NETSULSEL | Tulungagung, Kematian misterius kembali mengguncang kawasan suburban Tulungagung. Seorang kakek berinisial H (76) ditemukan tewas mengenaskan tanpa busana di atas ranjang sebuah kamar kos sewaan di Desa Ringinpitu, Kecamatan Kedungwaru, Kabupaten Tulungagung, Jawa Timur, Senin (7/9/2026) siang. Korban diduga kuat meregang nyawa akibat serangan jantung pascamengonsumsi obat kuat secara berlebihan sebelum berencana berkencan.

​Siasat kencan terlarang di siang bolong itu terungkap setelah pemilik kos, A, menaruh curiga pada gerak-gerik seorang wanita muda. Menurut keterangan saksi, korban tiba di lokasi sekitar pukul 13.00 WIB, disusul wanita muda tersebut 15 menit kemudian. Namun, baru setengah jam berada di dalam kamar, wanita itu bergegas pergi sendirian meninggalkan lokasi tanpa kembali. Pemilik kos yang curiga lantas memeriksa kamar dan mendapati korban sudah terbujur kaku tak bernyawa dalam posisi telentang.

​Petualangan asmara sang lansia rupanya bukan yang pertama kali terjadi di lokasi tersebut. Dari keterangan pengelola kos, korban diketahui sudah tiga kali menyewa kamar bersama wanita muda yang sama. Namun nahas, janji kencan kali ini berujung petaka setelah tubuh senjanya tak mampu menahan reaksi kimia instan yang dikonsumsi demi mendongkrak stamina.
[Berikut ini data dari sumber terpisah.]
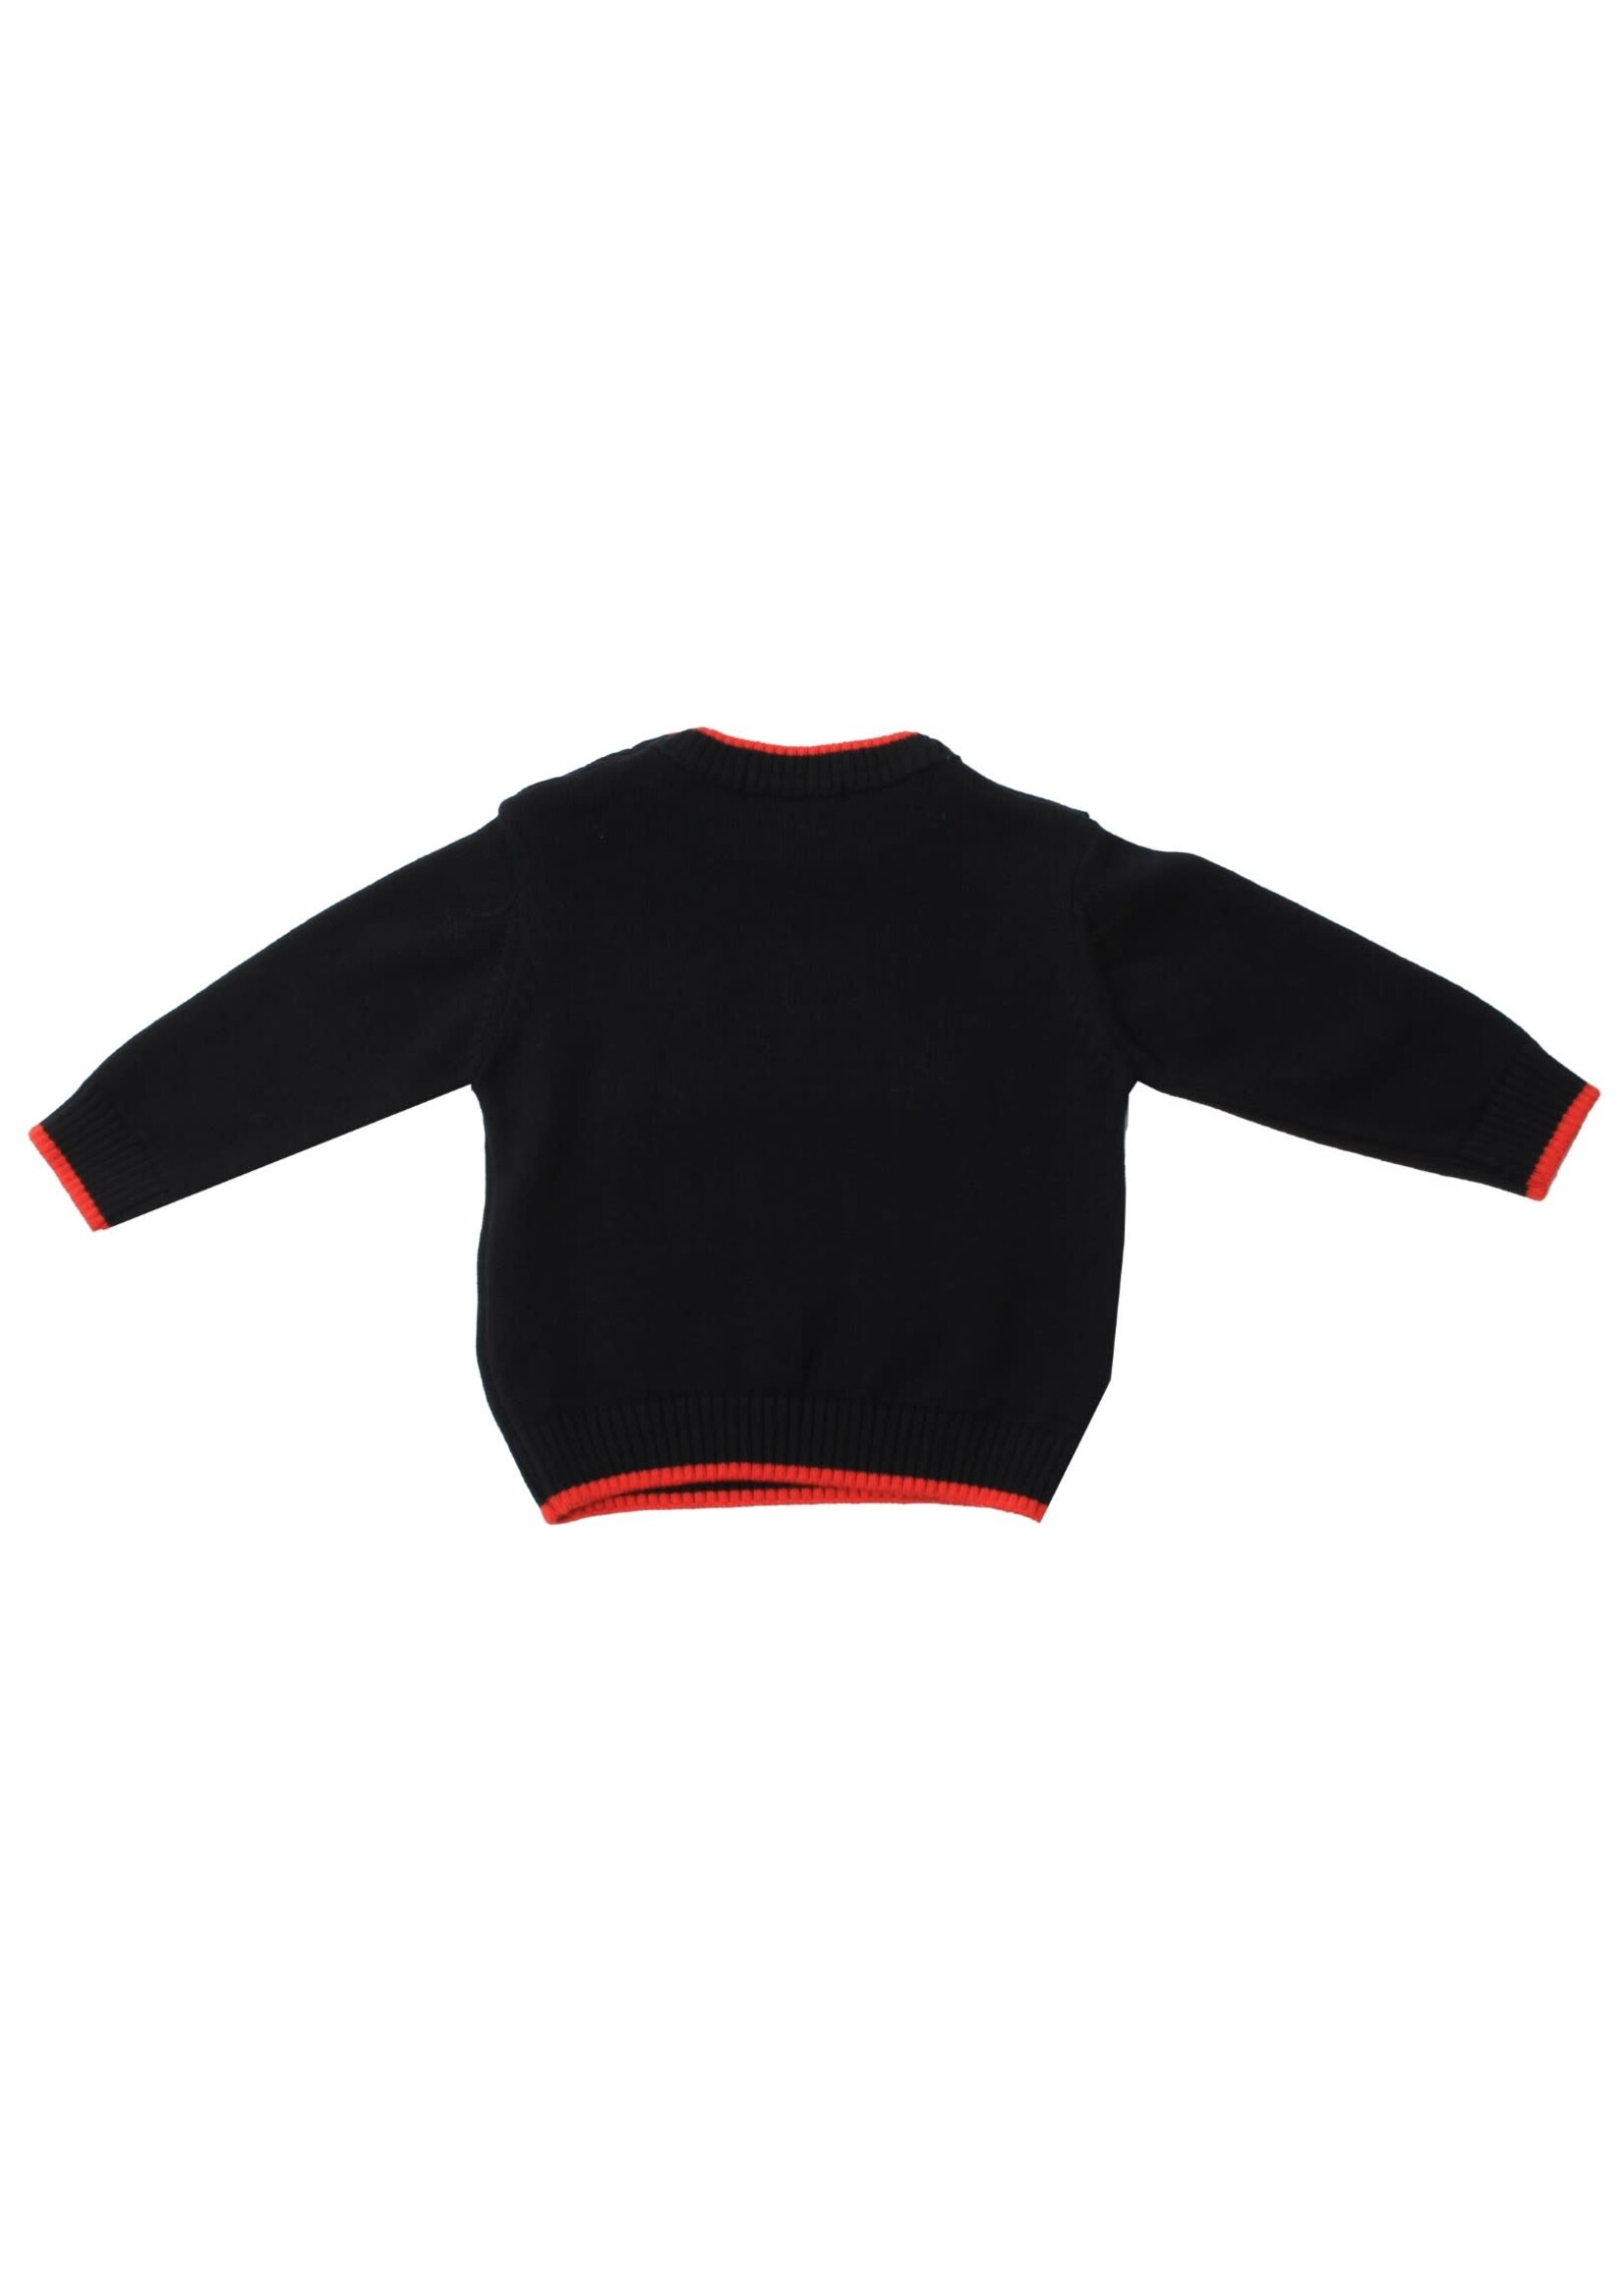 Dr Kid Baby Boy Sweater 280-Marinho-DK512

​Aparat Kepolisian Resor Tulungagung yang meluncur ke tempat kejadian perkara (TKP) langsung mengamankan sejumlah barang bukti krusial. Polisi menemukan tiga butir obat kuat di lokasi kencan, di mana satu butir di antaranya telah dikonsumsi oleh korban. Dari hasil pemeriksaan fisik awal, tidak ditemukan adanya bekas tindak penganiayaan atau kekerasan pada tubuh korban.

​Kasi Humas Polres Tulungagung, Iptu Nanang Murdiyanto, mengonfirmasi dugaan kuat penyebab kematian kakek tewas mendadak tersebut berasal dari pacuan obat peningkat stamina. “Jadi meninggalnya bukan faktor kekerasan. Ada hal lain, diduga serangan jantung karena pengaruh obat kuat,” tegas Nanang. Meski jenazah sempat dievakuasi ke RSUD dr. Iskak Tulungagung, pihak keluarga menolak proses autopsi dan memilih menerima peristiwa tragis ini sebagai musibah murni. (qas)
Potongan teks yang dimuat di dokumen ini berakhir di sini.